The Australian Pharmaceutical Industries Ltd (ASX: API) share price has come under pressure on Friday.
This follows news that Woolworths Group Ltd (ASX: WOW) has pulled out of the race to acquire the pharmacy chain operator.
At the time of writing, the API share price is down by a sizeable 12% to $1.52.
What's happening?
This morning Woolworths announced that it has withdrawn its $1.75 per share takeover offer following a period of due diligence. The retail giant advised that its due diligence revealed that the financial returns from the transaction were not sufficient.
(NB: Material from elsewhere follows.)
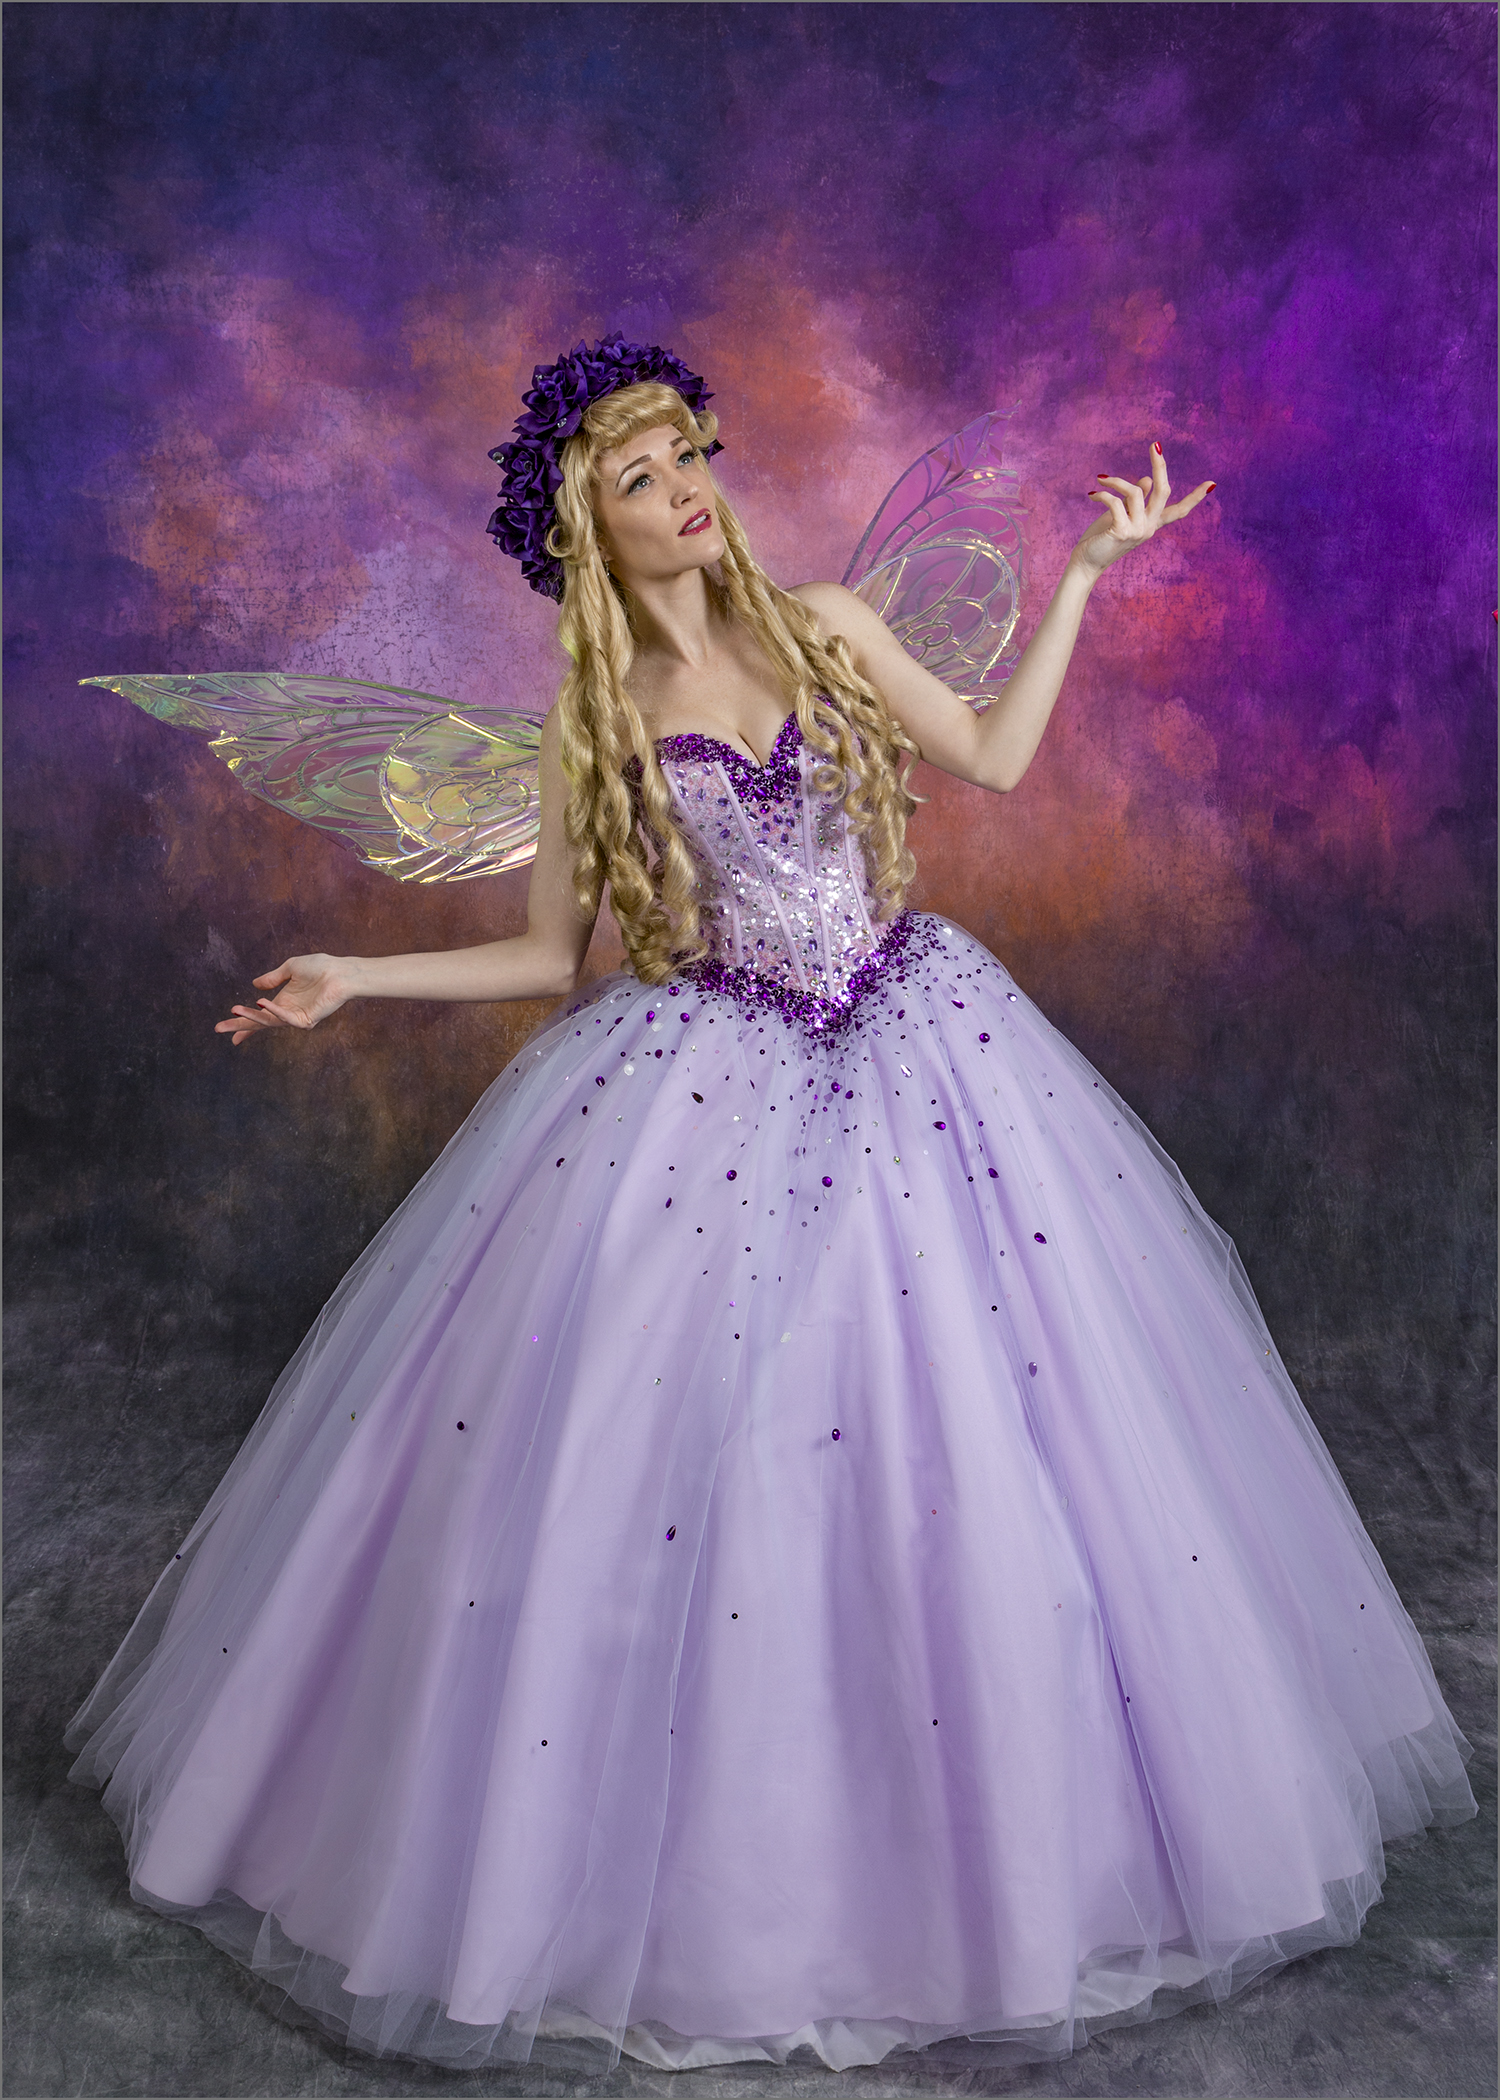 _60A1702 Kalinda fairy-03 5x7.jpg

The release explained: "Following the completion of a comprehensive due diligence process, Woolworths Group has advised API that it has withdrawn its proposal as it has not been able to validate the financial returns it requires in line with the Group's capital allocation framework."
Woolworths CEO, Brad Banducci, commented: "We are grateful to the Board and leadership team of API for their constructive engagement and support throughout the due diligence process."
What now?
This news now puts rival Wesfarmers Ltd (ASX: WES) in pole position to acquire the Priceline operator.
However, much to the disappointment of API shareholders, the Kmart operator's offer was considerably lower than Woolworth's offer.
Wesfarmers has signed an agreement to acquire API for $1.55 per share, which was 10% lower than where the API share price was trading on Thursday. Though, this will be reduced to $1.53 to reflect a recently paid 2 cents per share dividend.
In response to today's news, API stated that the agreement with Wesfarmers "remains in place and is on track for completion in the first quarter of calendar year 2022."
In the meantime, the company will continue to keep the market informed in accordance with its continuous disclosure obligations.